Ilha Grande, Frei Caneca, Bangu, Penitenciária de São Paulo, Presídio Tiradentes: esses foram alguns dos endereços do Padre Alípio de Freitas, português, nos duros anos da ditadura militar. Em 1963, o Padre Alípio foi condenado a seis anos de prisão. Depois, esteve exilado no México. Em 1965, retornou ao Brasil sendo condenado a mais 24 anos de reclusão, dos quais cumpriu 14, até ser libertado, em fevereiro de 1979. Além das prisões, Padre Alípio sofreu torturas físicas e psicológicas inimagináveis e perdeu a cidadania brasileira. Hoje vive em Portugal, onde ajudou a construir a Casa da Amizade Brasil-Portugal.
Pois no dia 26 de setembro, na sede da CNBB, em Brasília, finalmente as injustiças praticadas contra o Padre Alípio foram reparadas. Ele foi um dos religiosos julgados pela Comissão de Anistia do Ministério da Justiça que, desde abril, vem realizando sessões itinerantes. A "Caravana da Anistia" faz parte do Projeto Educativo "Anistia Política: Educação para a Cidadania, Democracia e Direitos Humanos". Desde abril, já foram julgados 185 processos no Rio de Janeiro, em São Domingos do Araguaia (PA), São Paulo, Curitiba, Goiânia, Caxias do Sul, Salvador, Maceió, São Bernardo do Campo e Brasília.
O julgamento realizado no auditório D. Helder Câmara, da Confederação Nacional de Bispos do Brasil (CNBB), em Brasília, também envolveu a participação do Conselho Nacional de Igrejas Cristãs (Conic); da Conferência Nacional dos Religiosos do Brasil (CRB); da Igreja Metodista e da Comissão Brasileira de Justiça e Paz (CBJP).
Mais importante do que nomear as inúmeras autoridades presentes, de ministros a cardeais, é lembrar-se daqueles que tiveram a sua memória reparada: o arcebispo Marcelo Pinto Carvalheira; o padre Alípio de Freitas; a ex-diretora da Coordenadoria Ecumênica de Serviço Eliana Rolemberg; Frederick Morris – o pastor Fred; e seu amigo Alanir Cardoso; o ex-deputado Nilmário de Miranda; o antigo militante do Movimento de Educação de Base (MEB), ligado à Igreja Católica, Roberto Mendes; as irmãs, Helena e Helder Soares; o padre Peter John Mc Carthy; a militante estudantil Elia Meneses Rola; o ex-militante da Juventude Universitária Católica, Ruy Frasão Soares, desaparecido político, provavelmente morto pela repressão, na cerimônia representado por Felícia de Moraes Soares.

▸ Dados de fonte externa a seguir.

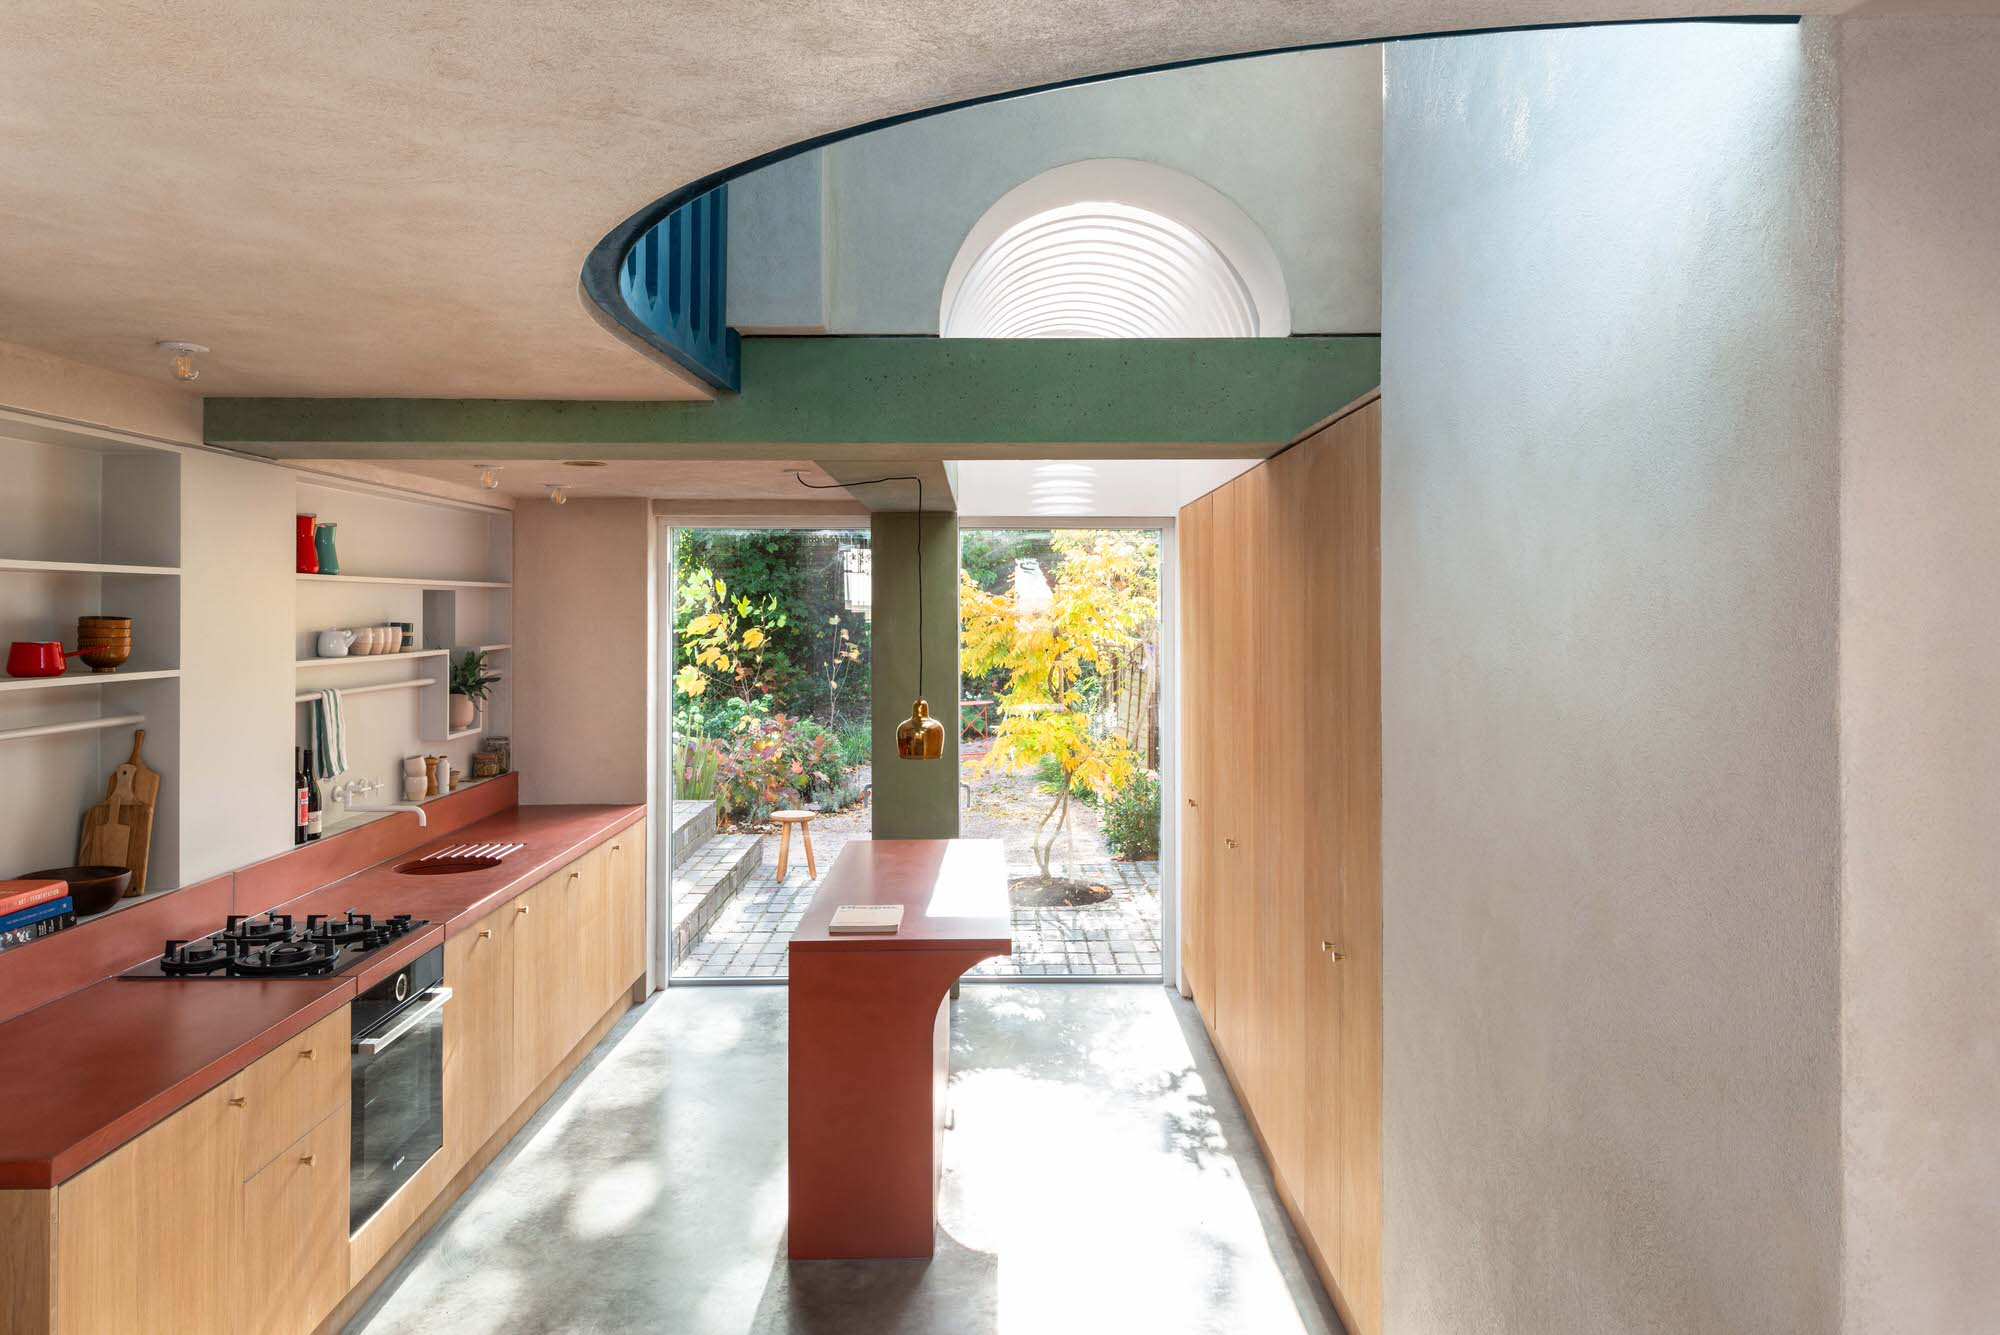 Studio Ben Allen House Recast London Residential Architecture Photo French+tye Yellowtrace 01

Padre Alípio de Freitas, português nascido em Bragança, se tornou sacerdote em 1953, vindo para o Brasil em 1957. Foi professor de História e de Filosofia na Universidade de São Luís (atualmente Universidade do Maranhão). No tribunal, em Brasília, foi defendido pelo advogado André de Paula, católico praticante, dedicado às causas sociais e um ativo militante do Fórum Nacional contra a Privatização do Petróleo e Gás. André comemorou a vitória, em que a reparação financeira foi feita – o padre receberá o equivalente ao salário de professor universitário, função que exercia quando foi preso, retroativo à data da primeira condenação. O mais significativo, no entanto, foi a reparação moral:
"O padre Alípio vai recuperar a cidadania brasileira" – contou André, exultante, ao regressar de Brasília. No Brasil, ele foi perseguido, condenado e torturado por ter sido um dos fundadores das Ligas Camponesas, ao lado de Francisco Julião, e também por sua luta em favor da independência das colônias portuguesas, na década de 1960. Em sua casa, no Catete, no Rio, ele abrigou lideranças do MPLA – Movimento pela Libertação de Angola (MPLA). Em seu livro "Resistir é preciso", editado pela Record (1981), narra com detalhes torturas às quais ele e outros companheiros foram submetidos.
"Padre Alípio de Freitas" é também o nome de uma das ocupações urbanas lideradas pela Frente Internacionalista dos Sem Teto (Fist). A ocupação fica na Rua da Relação, no Rio, em frente ao antigo DOPS. O nome não foi escolhido por acaso. A homenagem é uma forma de exorcizar os horrores por que passaram Alípio e tantos outros nas dependências do Departamento de Ordem Política e Social (DOPS), criado no Estado Novo.